[Product Innovation]
Integrated USB 2.0 Chip Extends Its Reach To High-Speed Peripherals
This chip promises designers time-to-market and other advantages when implementing the new 480-Mbit/s standard.
The Cypress Smart USB 2.0 SIE, like the company's previous FX part, implements most of the USB 2.0 protocol. Because this is the case, the designer doesn't have to worry about things like all three stages of a control transaction, nor does the microprocessor need to become involved. That is all handled by the Smart SIE.
Cypress says it's in a unique position. When a customer orders the company's development board and plugs it into a PC, the board works without having to write any code. This is due to the Smart SIE. Obviously, the board won't be tuned to the user's application, but there's no frustration involved in getting the part to work. USB transfers take place immediately.

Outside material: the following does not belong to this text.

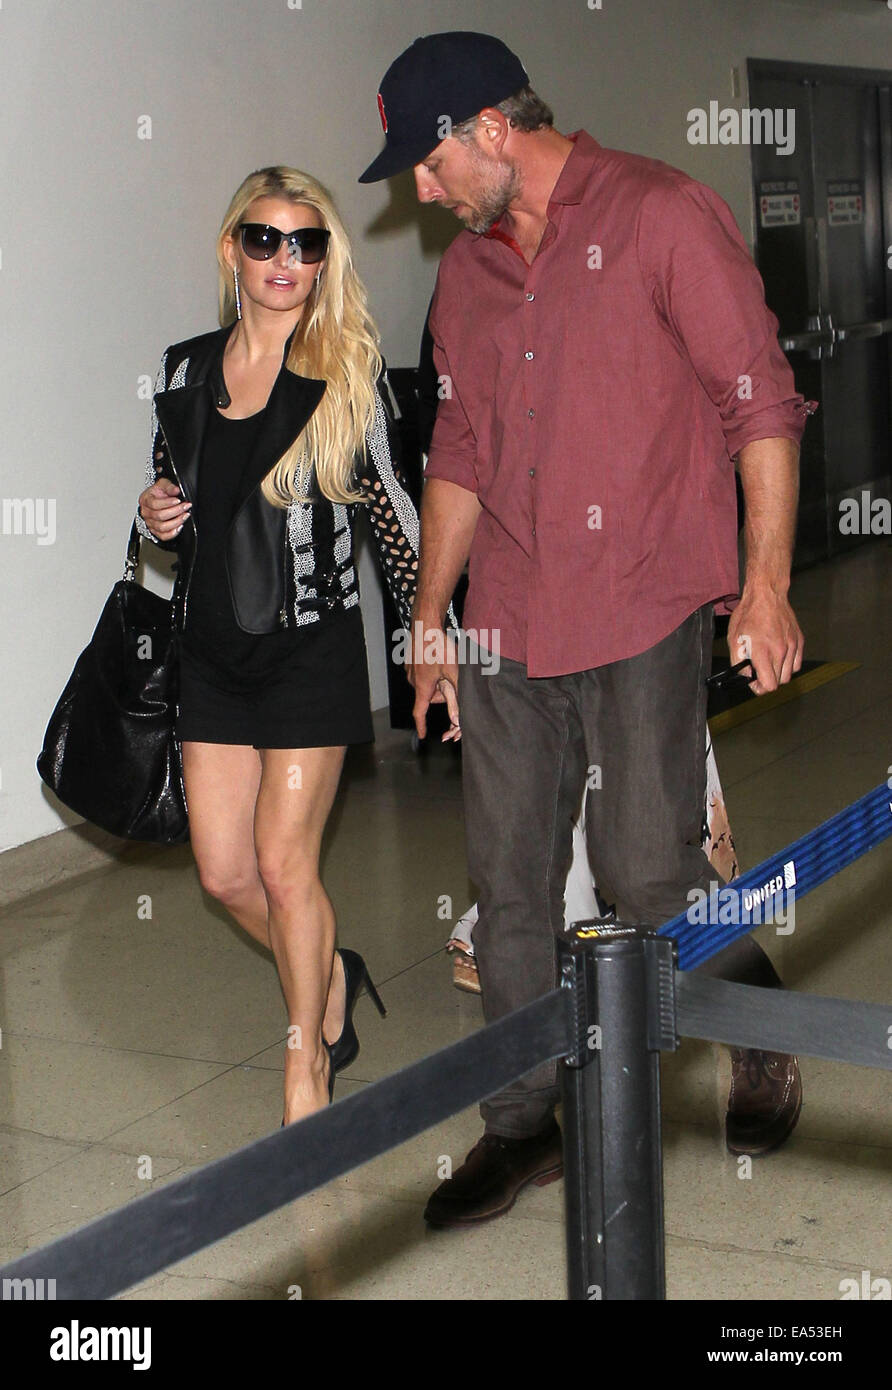 Jessica Simpson in short black skirt and leather jacket, arrives at Los Angeles International Airport (LAX) holding hands with with partner Eric Johnson  Featuring: Jessica Simpson,Eric Johnson Where: Los Angeles, California, United States When: 04 May 20 Stock Photo

One other job handled by the Smart SIE is the Cypress firmware downloading. The firmware is in RAM in the FX2, so it can be downloaded using USB through the SIE. The SIE can do the downloading while the processor is in reset. Because the USB 2.0 specification is brand new, problems are certain to be encountered. Downloading provides the designer an easy way to update the part if the specification changes. The company considers this to be a major advantage because it decreases risk and uncertainty, and it increases time-to-market advantages.
A key point about the endpoint FIFO is that it's implemented as a dual-port RAM. USB is a packet protocol, which sends a whole packet of data at once. In USB 2.0, those packets are 512 bytes. If a classic FIFO is used and a bad CRC occurs, all the data has to be flushed out because it's bad data. By implementing the FIFO as a RAM, it becomes more like a packet FIFO. The whole packet can be loaded into the dual-port memory. If the CRC is fine, that packet can be swapped from the USB domain to the I/O domain. To the outside world, it still looks like a FIFO. But instead of loading data one word or one byte at a time, a whole packet of data is loaded at once.
Another point about the endpoint FIFO is speed related. Because data is coming in very fast, double buffering—at the least—is necessary for the packets. Cypress has gone a step further by making this aspect of the device programmable. Endpoints can be double, triple, or quadruple buffered, depending on the amount of data or elasticity that's needed. For example, in a mass storage peripheral, data comes off a read channel at a high rate of speed, and then it's sent onto the USB while the read/write head is moving to the next track. Quadruple buffering is needed in order to make this work.
The designer doesn't really have to become involved in how this works. The part looks like a regular FIFO to the outside world. It has FIFO full flags, FIFO empty flags, and a programmable flag. The fact that it's a "quantum" FIFO (in the company's words) with packets swapped in and out is completely transparent.
The quantum FIFO concept has blocks of 256-by-16 dual-port RAM (Fig. 2). They sit on the USB side while data is loaded or unloaded from the USB. Then the data is swapped across the dotted line (Fig. 2, again) to the I/O system environment when the entire packet is deemed good. The 8051 also has access to this memory, which is used, for instance, for other packet protocols. An example is Ethernet, where a packet might need to be examined before it's shipped out to an application. The 8051 can look at header packets and process them as required.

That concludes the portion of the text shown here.